Designed to parallel a population-based screening setting, the retrospective study drew on nine multi-reader, multi-case datasets previously used for different research purposes in Sweden, the U.K., the Netherlands, Italy, the U.S., Spain, and Austria. The AI vendors were Siemens, General Electric, Hologic, and Sectra.

Each dataset consisted of DM exams acquired with systems from the four vendors, multiple radiologists’ assessments per exam, and ground truth verified by histopathological analysis or follow-up. In total, there were 2,652 exams (653 malignant) and 28,296 independent interpretations among the 101 radiologists.

The mammograms were examined for a level of suspicion of cancer presented ranging from 1 to 10. Performance between AI and radiologists was compared using a non-inferiority null hypothesis at a margin of 0.05. Because the data were enriched with both cancer and benign lesions, the screening recall operating point of radiologists was fixed at the mid-range in specificity, and AI achieved higher sensitivity than the majority of radiologists.

According to the authors, the study’s large and heterogeneous case sample suggested the findings might hold true for different lesion types, mammographic systems, and country-specific practices.

“In a population-based screening setting, the possibilities of work flow enhancement via implementation of an AI system are ample,” Sechopoulos’ group wrote. “One of the biggest potential benefits lies in the possibility of using such a system in countries that lack experienced breast radiologists, which might, for instance, impede the development, expansion, or continuation of screening programs.”

They cautioned, however, that the drawbacks of AI systems as stand-alone readers need clarification. “Regulations to define the medicolegal consequences when AI fails would have to be established,” they wrote. “Equally, trade-offs between patient outcome and cost-effectiveness have to be carefully addressed.”

In 2018, MedPage Today reported that an AI program was able to alter malignant features of DM images, highlighting the vulnerability of machine-based analysis to potential manipulation.

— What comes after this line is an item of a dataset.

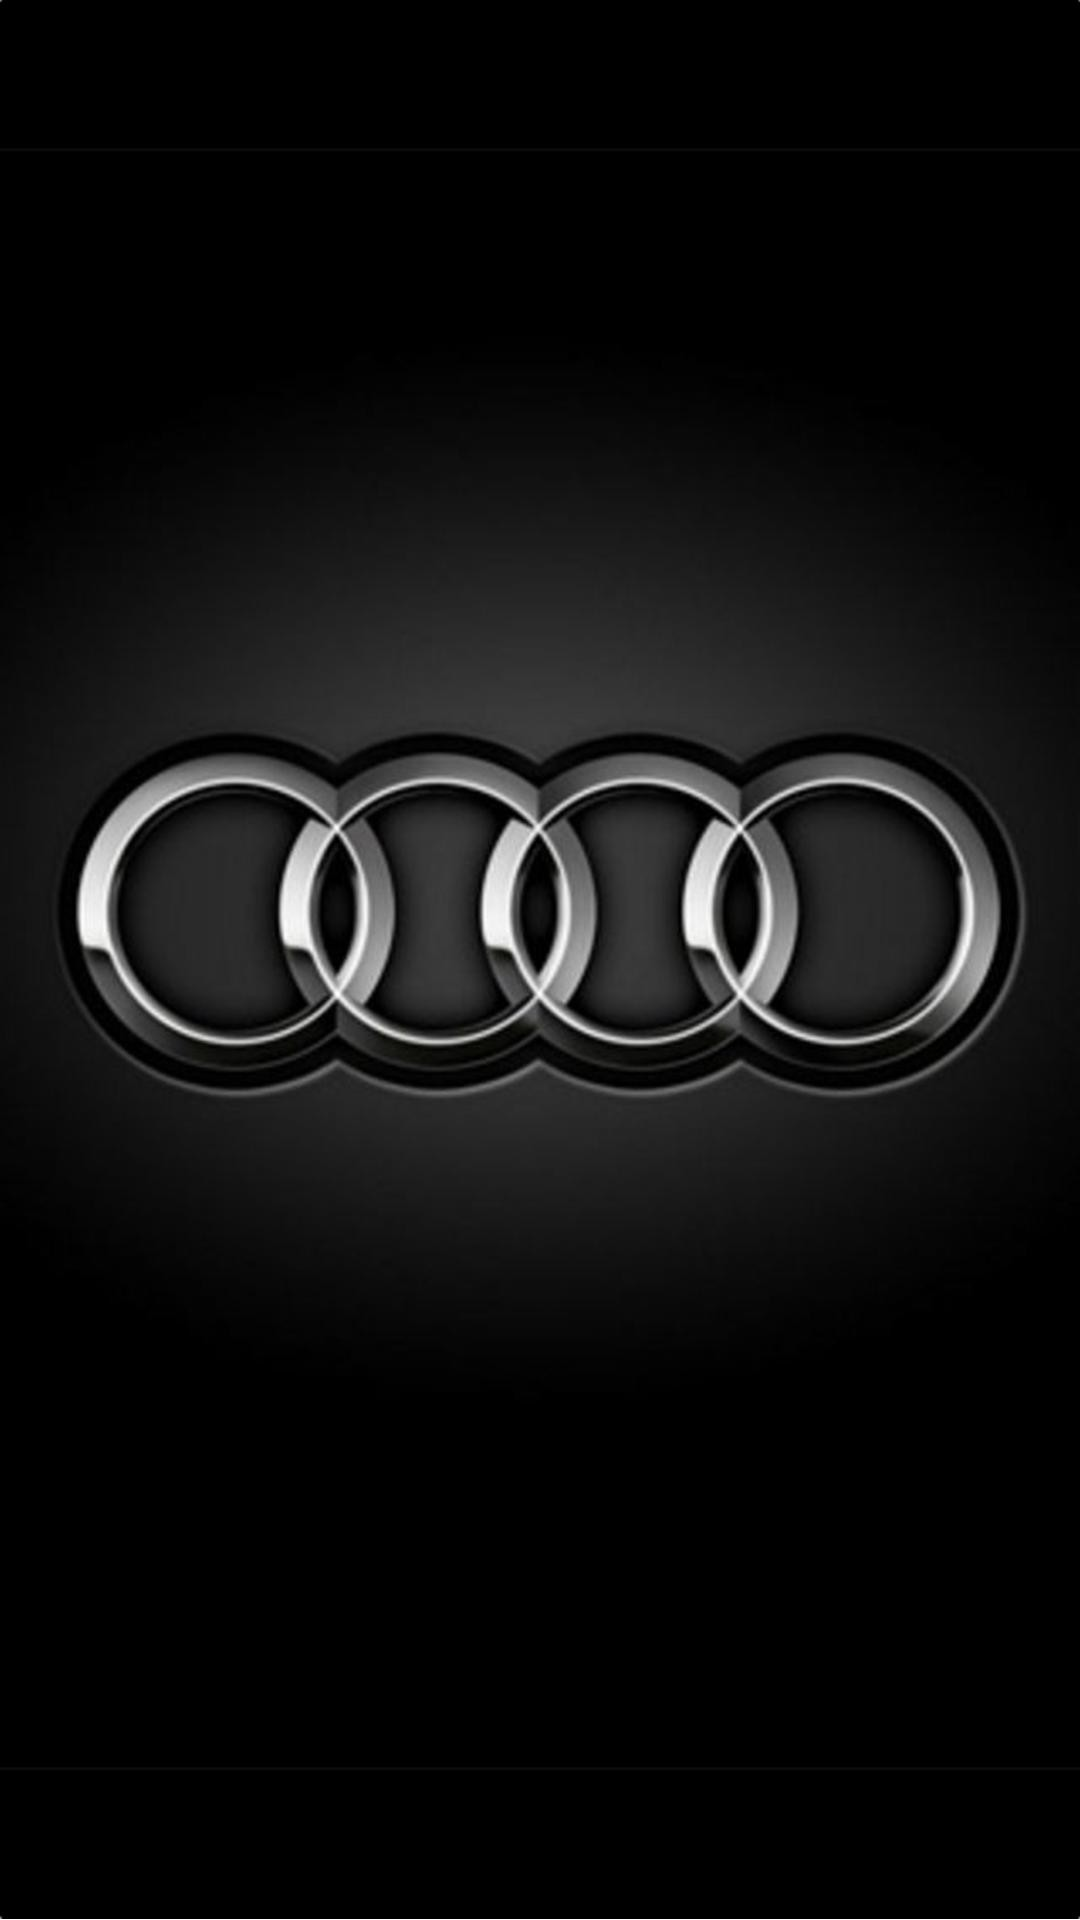 … Audi Car Logo iPhone 7 Plus HD Wallpaper …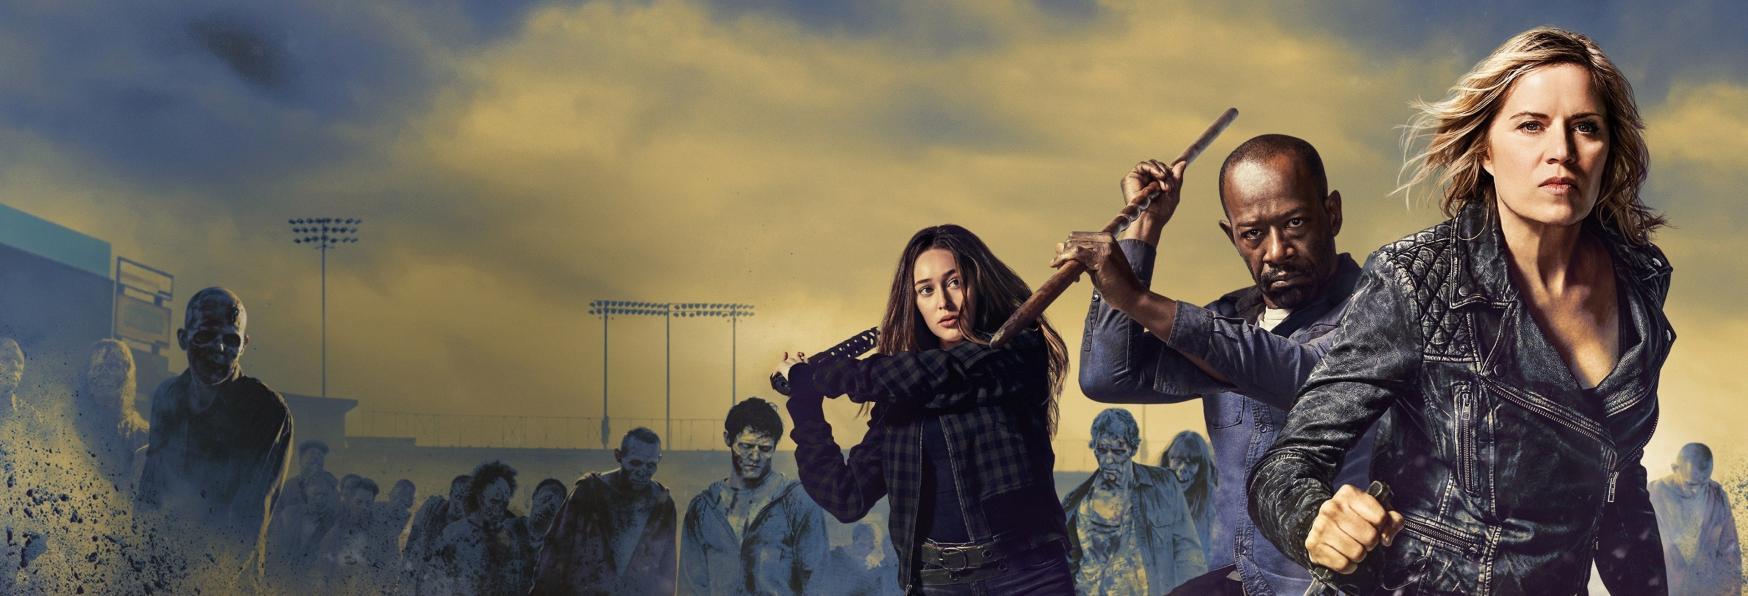 Fear the Walking Dead 6: Rilasciato il Trailer della Seconda Parte della Stagione

Stamatia Destounis, MD, of the University of Rochester in New York, called the results “extremely encouraging” for the development of AI algorithms.

“However, I would caution that this is a retrospective review with study cases from multiple collections that are enriched for cancers and also with benign false-positive findings,” she told MedPage Today.

In addition, the study was “an artificial representation of screening in a population,” said Destounis, who was not involved in the study.

She also noted that prior-year mammograms were available only for some mammograms, and this could have led to “differing interpretation comfort levels for radiologists. And the radiologists all knew these cases were enriched, which leads to bias.”

“To validate the AI algorithm, prospective screening studies would be needed, requiring very large numbers of patients, close collaboration with many centers, and considerable time intervals and expense,” Destounis continued.

Destounis pointed out that the study included U.S. radiologists, who typically have higher recall rates, and European radiologists, who use double reading, consensus, and/or arbitration to keep their recall rates down. “This is another variable that can confound the results,” she explained.

However, Destounis acknowledged that “AI could be used as an intelligent second reader, especially in locations with a scarcity of radiologists performing breast imaging interpretation, and it could help reduce the false-negative rate of mammography.”

Some co-authors disclosed employment with Siemens Healthineers and ScreenPoint Medical BV. One co-author disclosed support from Siemens Healthineers.

Sechopoulos and Destounis disclosed no relevant relationships with industry.